Description
Tacos Ahogados translate directly to drowned tacos. They are crispy, savory tacos drowned in a deliciously spiced red salsa unlike any other you’ve had before. These drowned tacos will take you through a ride of flavors and textures you didn’t know you needed!
Ingredients
Units
Scale
Tacos:
- 10–12 corn tortillas
- 1 lb plant-based beef or filling of choice (see above)
- 1 tsp garlic powder
- 1 tsp onion powder
- 1 tsp black pepper
- Salt to taste
- 1 tbsp avocado or neutral oil
- 1/4 cup avocado or neutral oil
Salsa:
- 6–8 tomatoes
- 1/2 onion
- 3 garlic cloves, unpeeled
- 3–5 chiles de arbol
- 1 small bay leaf
- 1 tsp dried oregano
- 1 tsp of Better than Bouillon
- 1/2 tsp black pepper
- 1/2 cup water
- Salt to taste
Toppings:
- Shredded cabbage
- Avocado
- Sour cream/Crema
- Cilantro
- Pickled red onions
Instructions
- Roast the tomatoes, onion, and garlic using your air fryer, oven, or stove.

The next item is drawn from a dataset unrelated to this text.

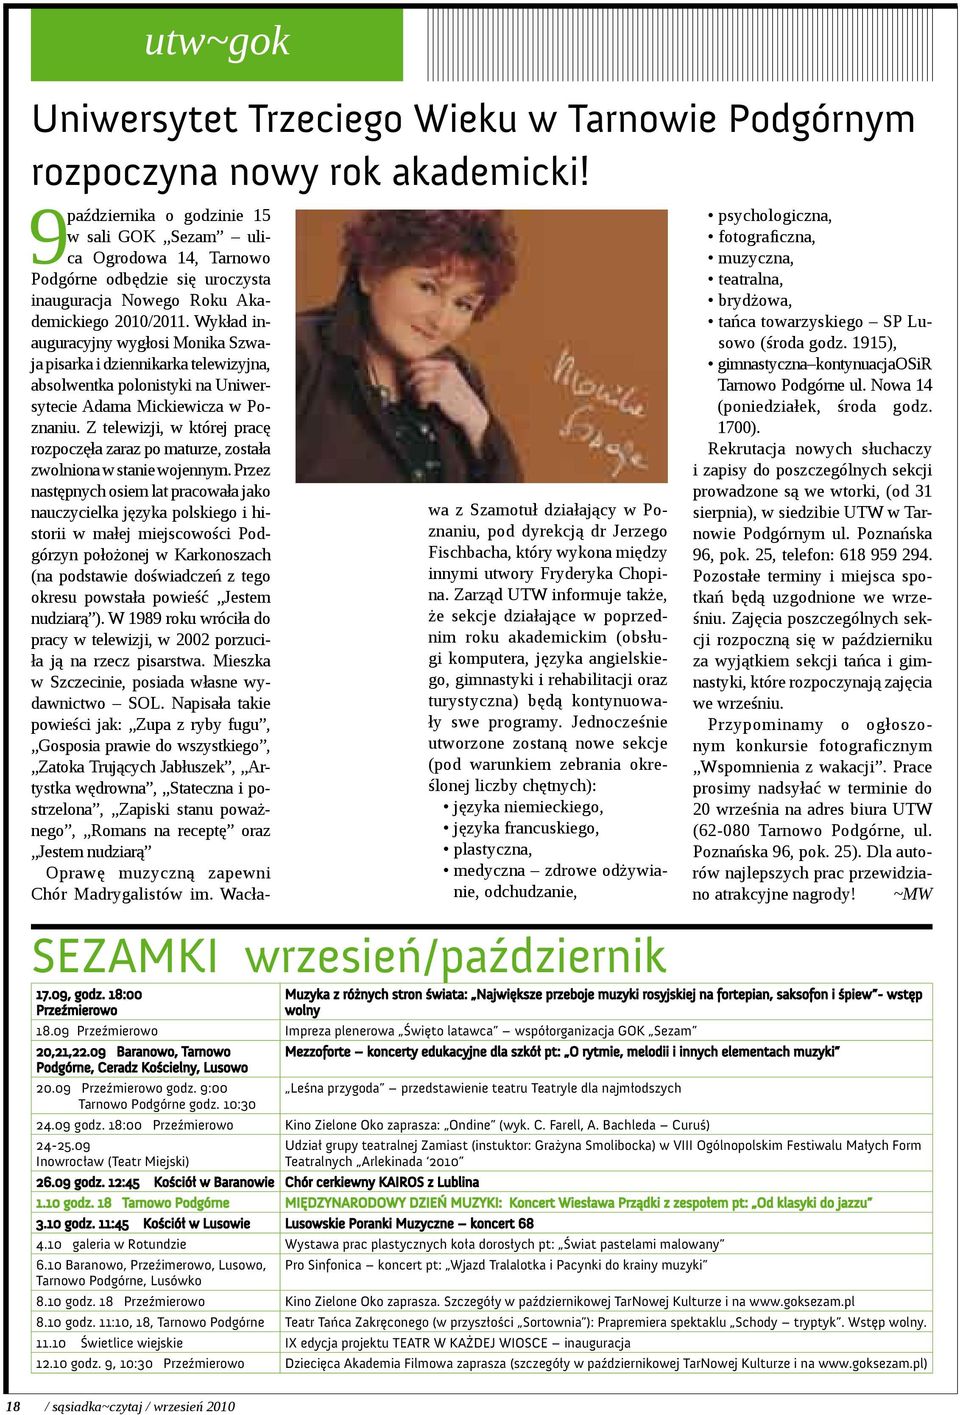 Wykład inauguracyjny wygłosi Monika Szwaja pisarka i dziennikarka telewizyjna, absolwentka polonistyki na Uniwersytecie Adama Mickiewicza w Poznaniu.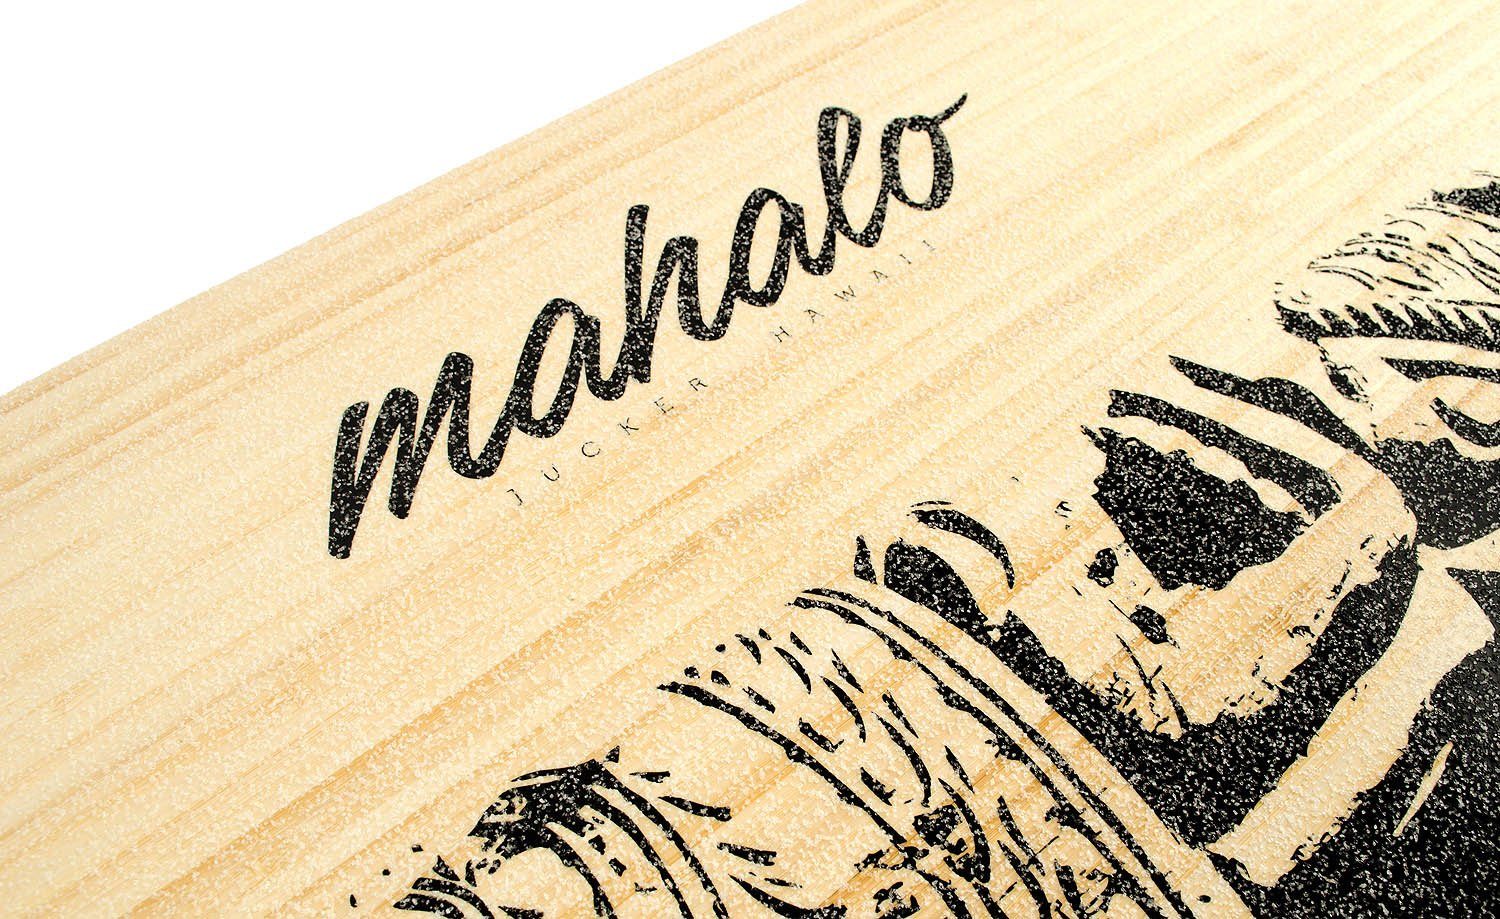 Korkrolle, HAWAII Hawaiianisches Einzigartiges Design Makaha inkl. Board Bambus Set Balanceboard JUCKER Balance AKA -

If using the air fryer or oven, roast at 400F for 25-30 minutes or until the veggies are blistered and blackened.
- Turn a pan on medium heat and add a bit of oil. Pan-fry the dried chilies on each side for about 1 minute or until they turn a bright red color. Watch closely to avoid burning them. Set them aside to cool off and remove stems and seeds once they are cooled.
- While the veggies are roasting make your filling. Add 1 tbsp oil to the pan add your plant-based meat along with the seasonings and cook for 10-12 minutes until it is golden brown and cooked through.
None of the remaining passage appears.